WHAT IS REQUIRED: Every line of the listing belongs in your answer exactly as written; the images do not.

DATA SEGMENT:
*** Block opens ***

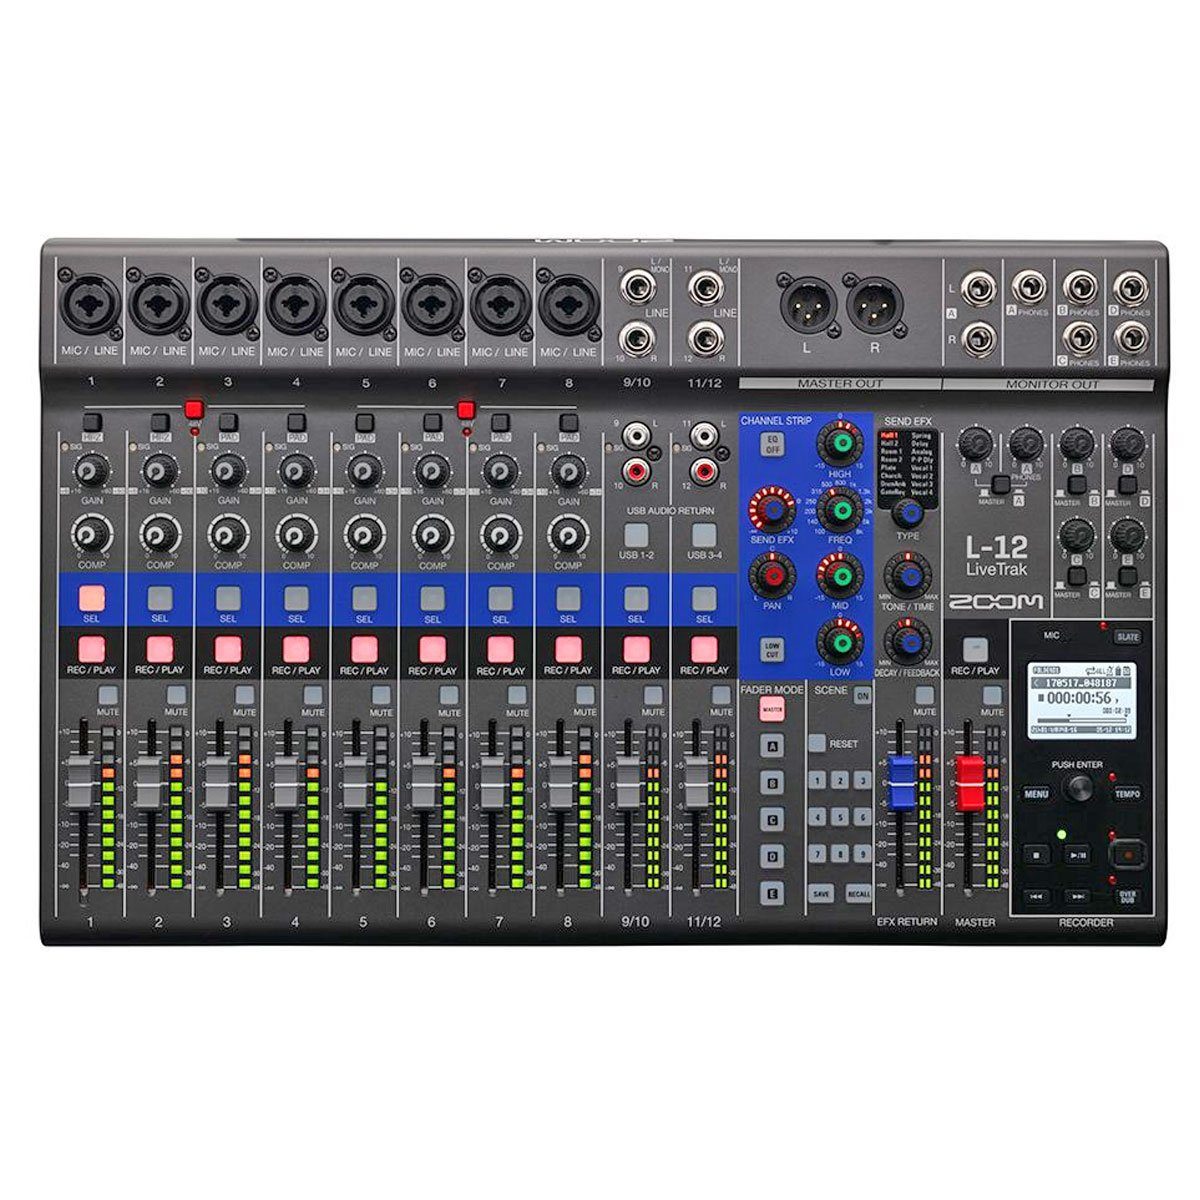 Zoom Audio Mischpult L-12 LiveTrak, (Digitaler Mixer, 12 Kanäle), mit USB-Interface Funktion
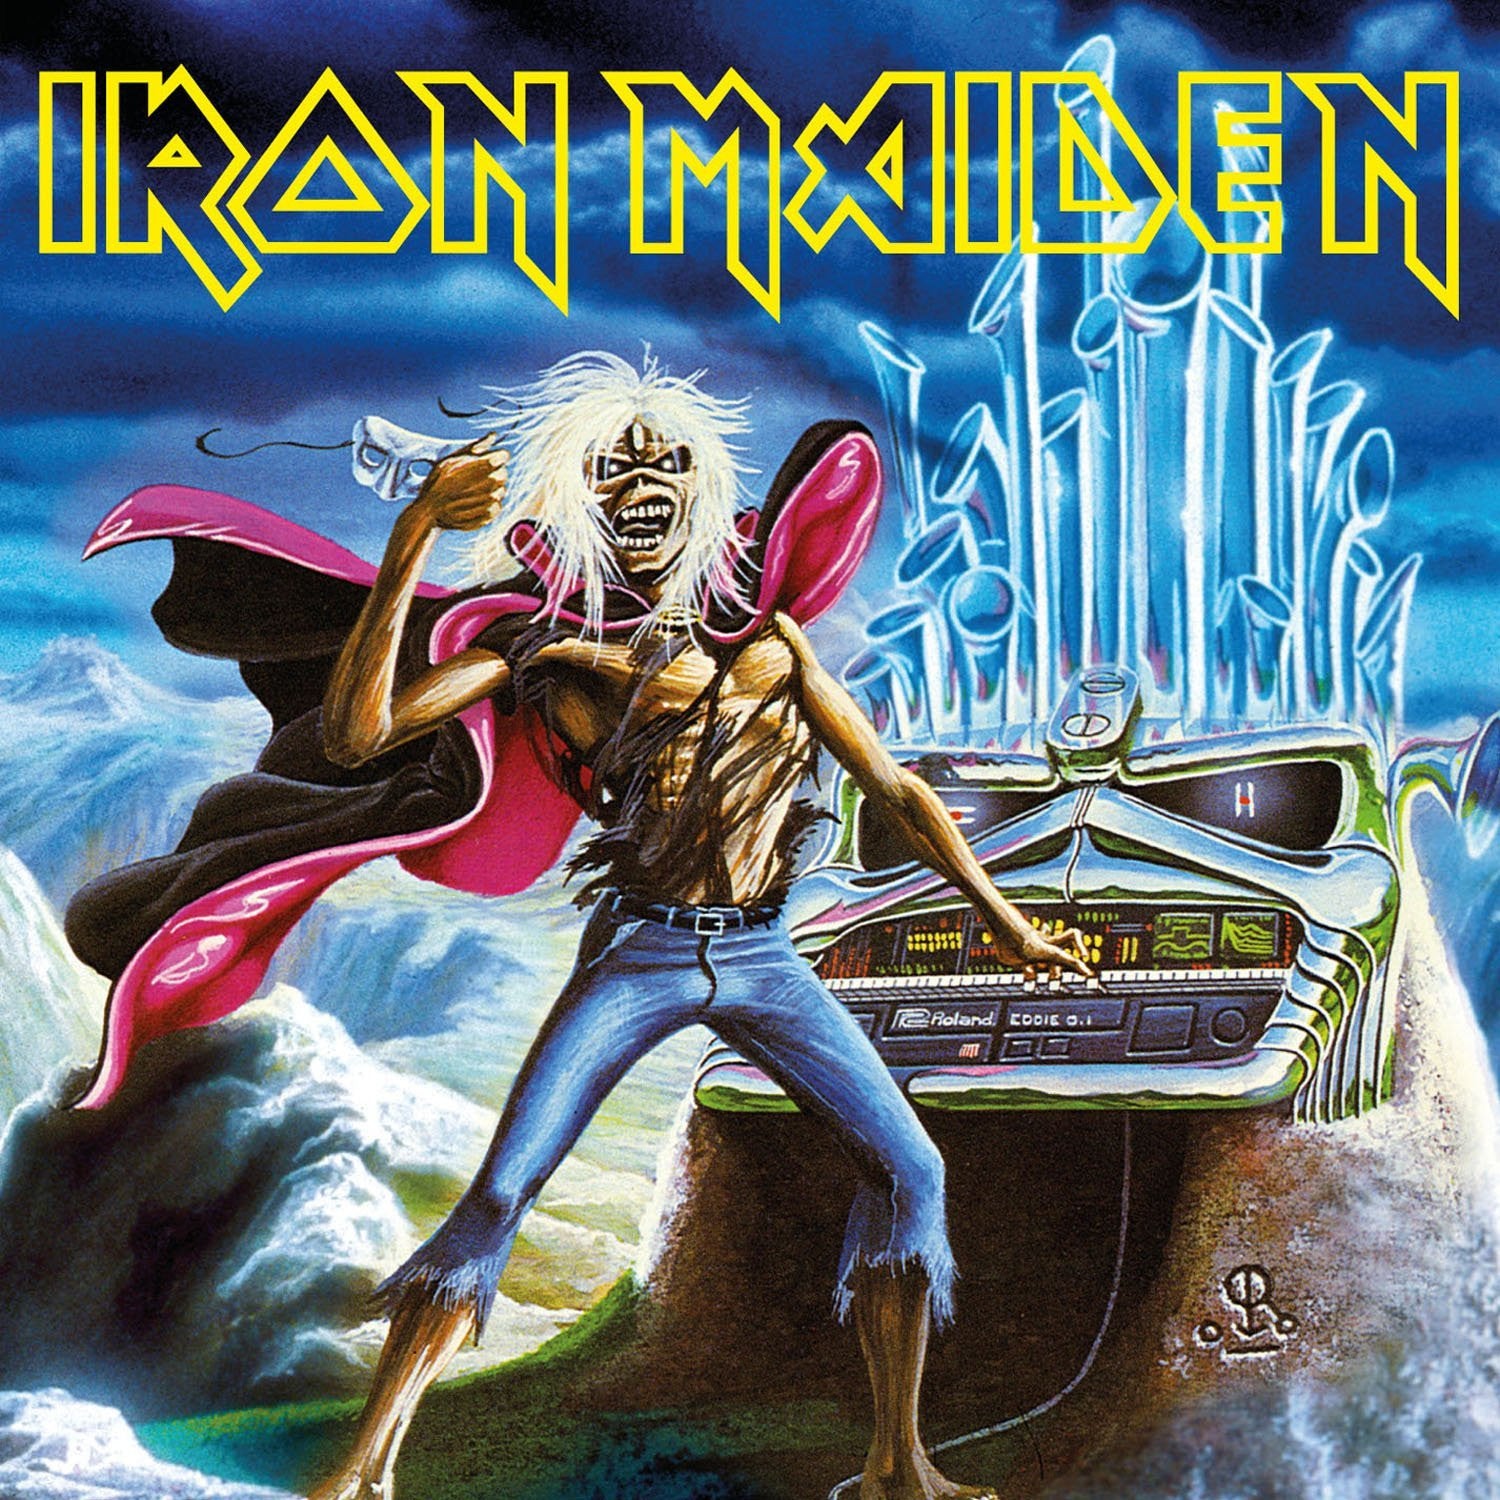 Iron Maiden - Run To The Hills (Live) 7
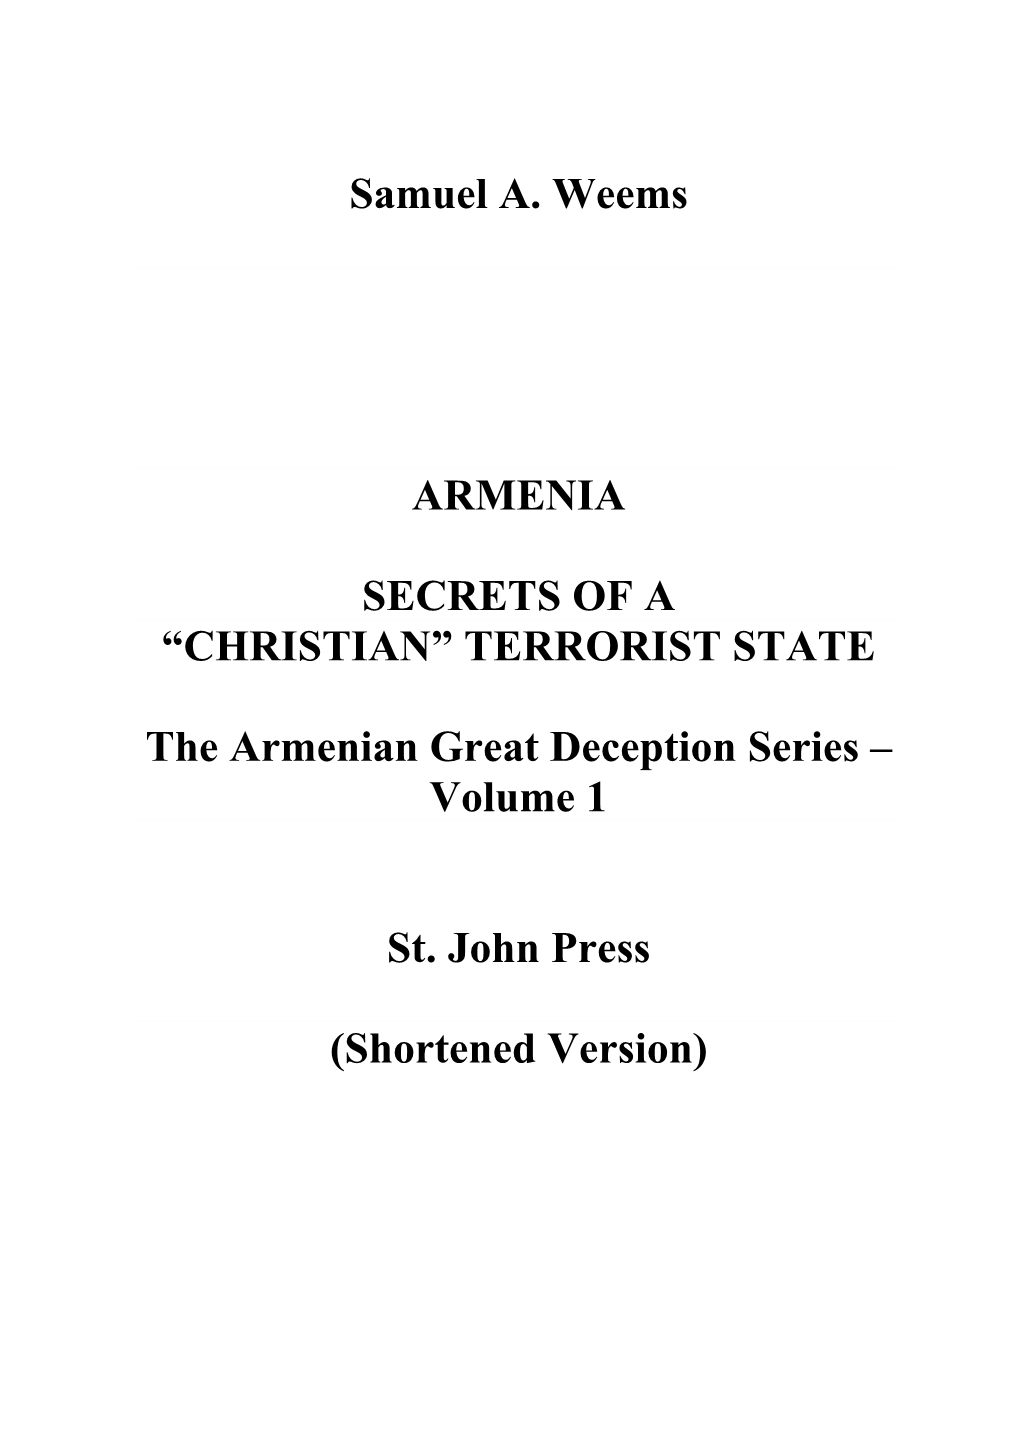 Samuel A. Weems ARMENIA SECRETS OF

*** Block closes ***

OUTPUT FOR THIS EXERCISE:
 Zoom Audio Mischpult L-12 LiveTrak, (Digitaler Mixer, 12 Kanäle), mit USB-Interface Funktion
 Iron Maiden - Run To The Hills (Live) 7
 Samuel A. Weems ARMENIA SECRETS OF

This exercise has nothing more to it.